В жизни юного подвижника это был мучительнейший выбор. Целую декаду он ходил хмурым как предвечная Тьма. Лицо бедняги окаменело от задумчивости. На лбу даже прорезались старческие морщины. Да, он принял решение, из-за которого вмиг постарел на целую эпоху. Вернее, он не принимал никакого решения. Он просто молча развернулся и пошел месить раствор.
Все шестеро детей тотчас были распяты. Их хрупкие, неокрепшие тела повисли между небом и землей. Черный мир перевернулся в их глазах. Ибо ноги, плененные гвоздями, упирались в твердые небеса, а по рукам в мутную из-за обильных слез бездну капала их горячая кровь. Они плакали, кричали, до последнего мгновения надеялись на чье-то милосердие, и до последнего вздоха не могли понять, за что с ними поступили так жестоко.
Пьер не видел эту казнь. Совсем раздавленный он воротил в большом корыте лишенный цвета и смысла раствор для скрепления кирпичей. Его пожизненная болезнь, ипохондрия, образовала в его душе такую беспросветную пустоту, что целую декаду он напоминал покойника. Ни с кем не разговаривал и почти ничего не ел. "Эти несчастные, -- думал он, -- будут еще благодарны мне за все случившееся. Ибо страдания очистили их от многих грехов. В Настоящем Мире их ждет награда. Несомненно, их ждет награда...".

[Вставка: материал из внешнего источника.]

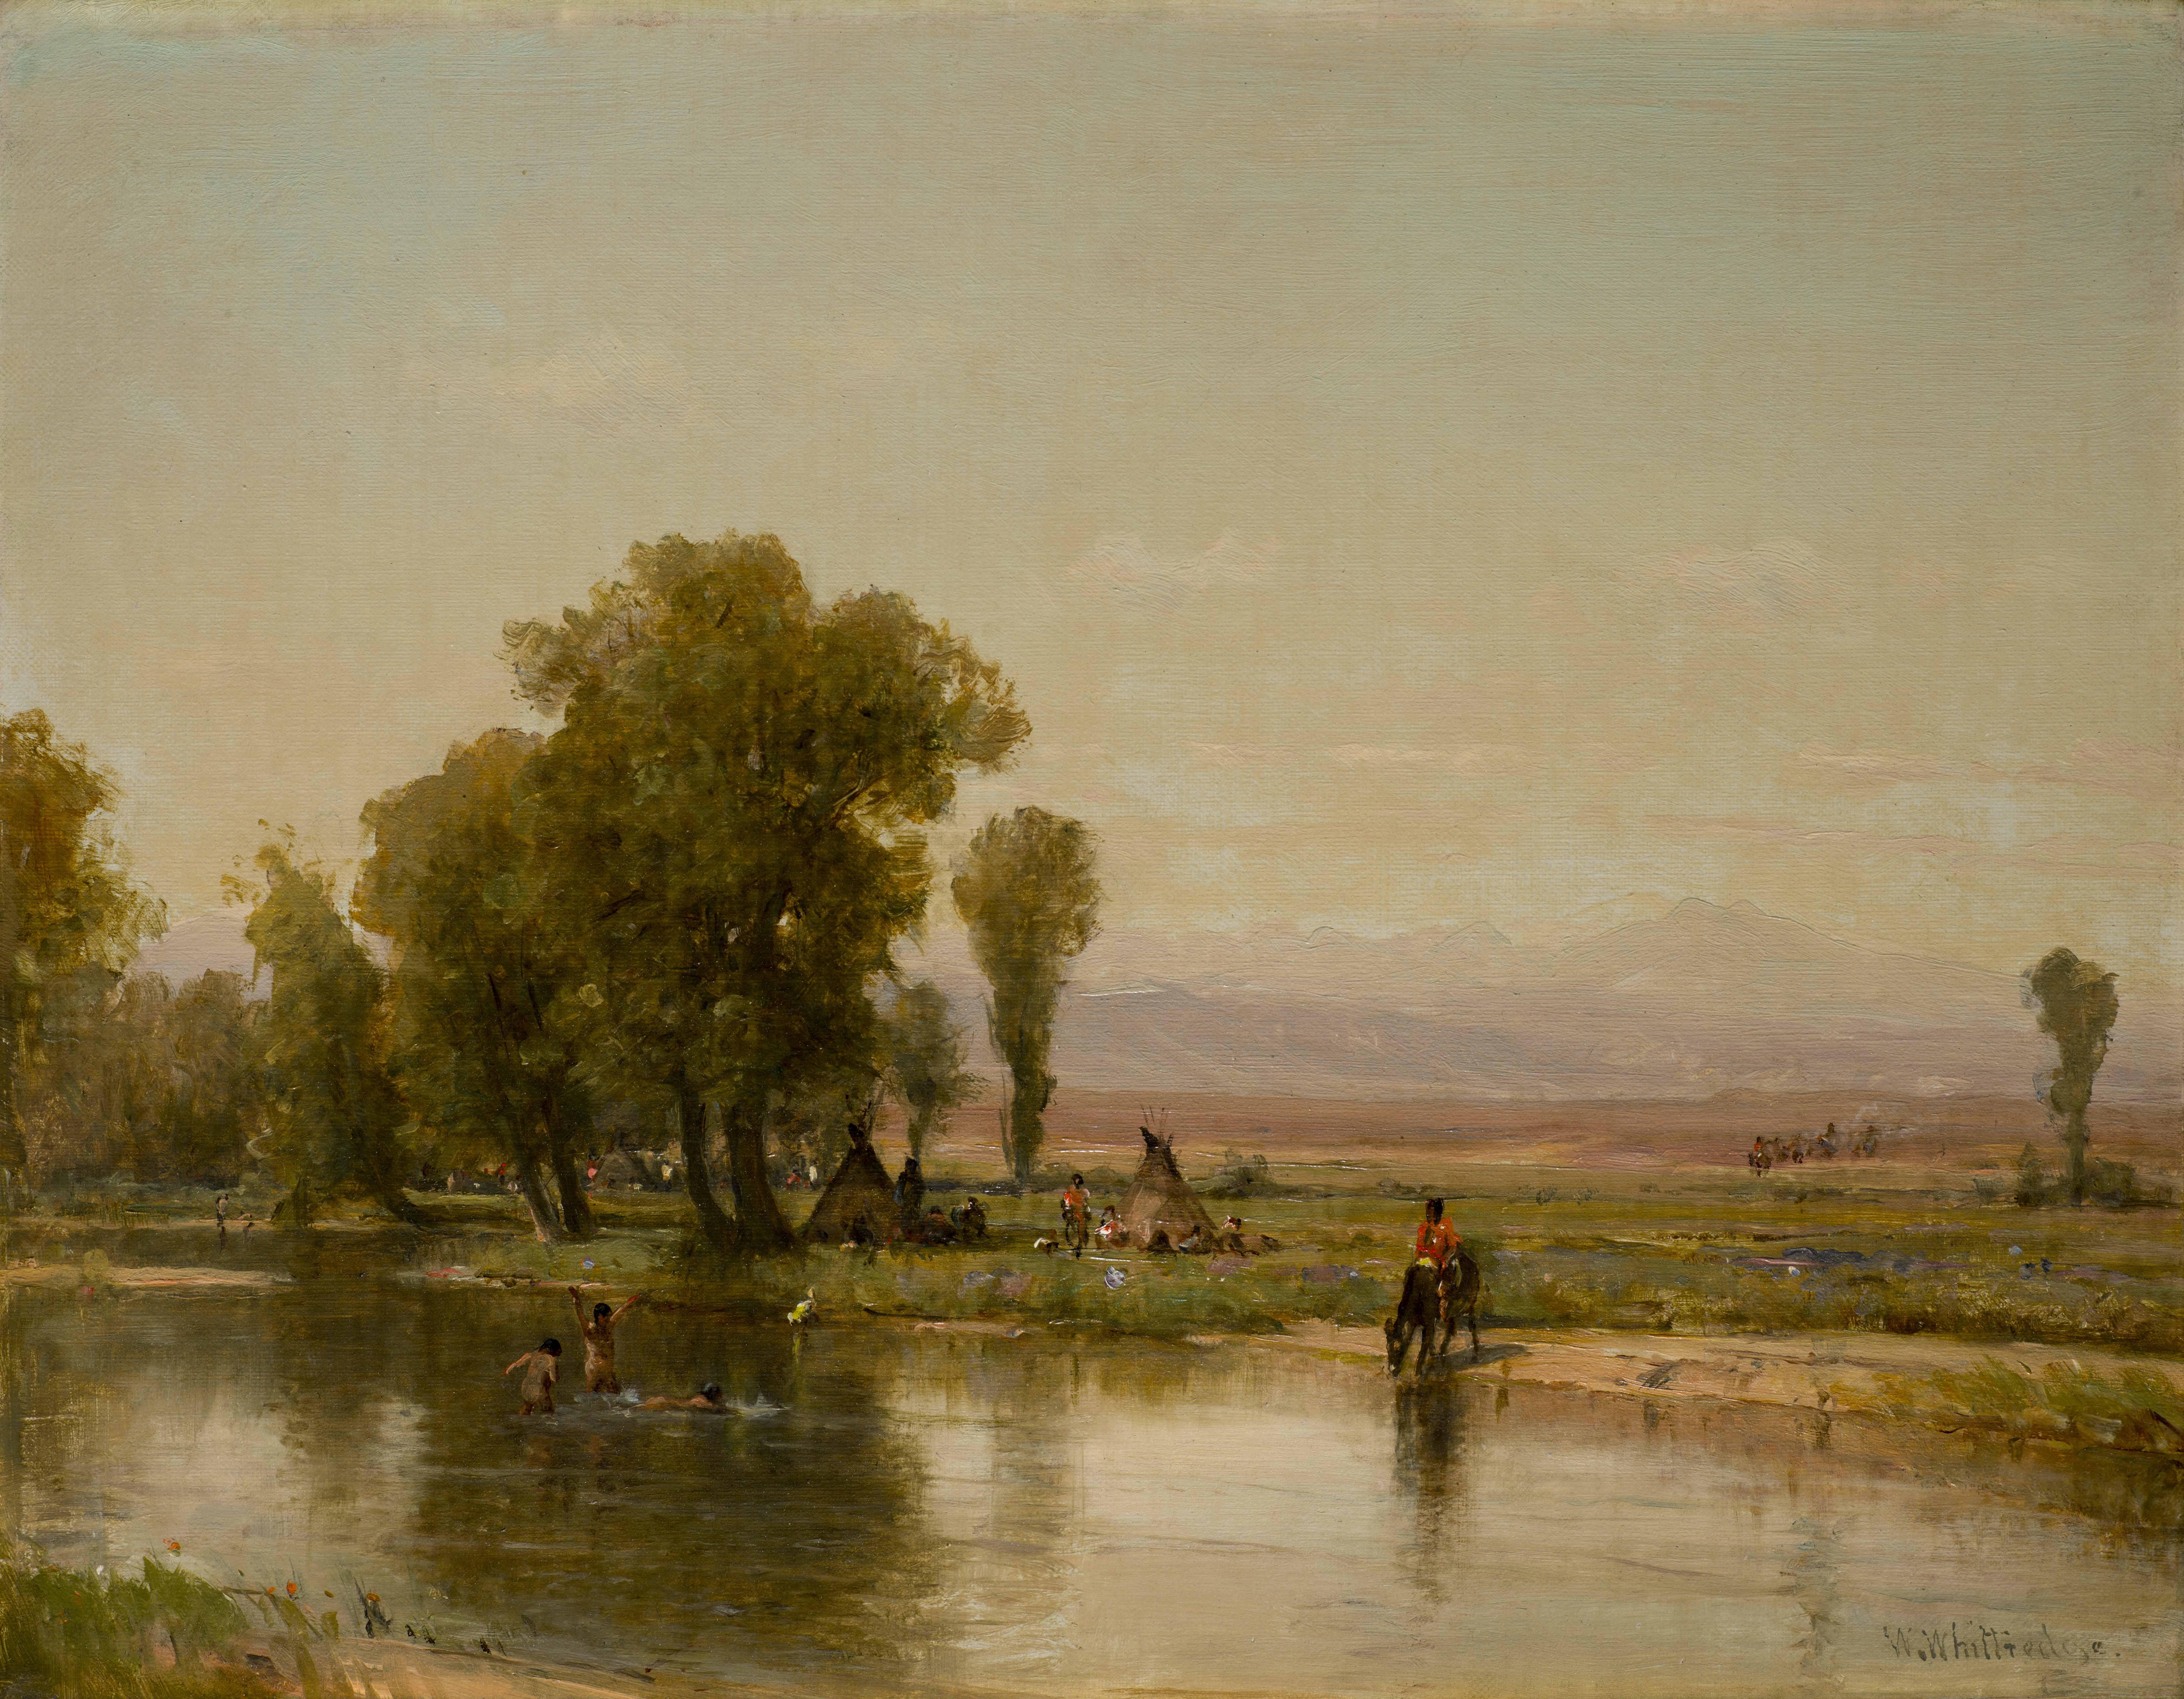 Worthington Whittredge: An artist's draw to Colorado.

Столь незатейливая теософская экзегетика действовала на Пьера успокаивающе. И эти ядовито-слащавые помыслы -- они-то и спасли его от крайней грани отчаяния. А безжизненные тела крестьянских детей еще долго зияли во вселенской пустоте какими-то посмертными символами. И падающие капли крови, казалось, отсчитывали время. Только теперь капли уже были холодными, да текущее вместе с ними время тоже остыло, слегка заледенело и кое для кого остановилось навеки...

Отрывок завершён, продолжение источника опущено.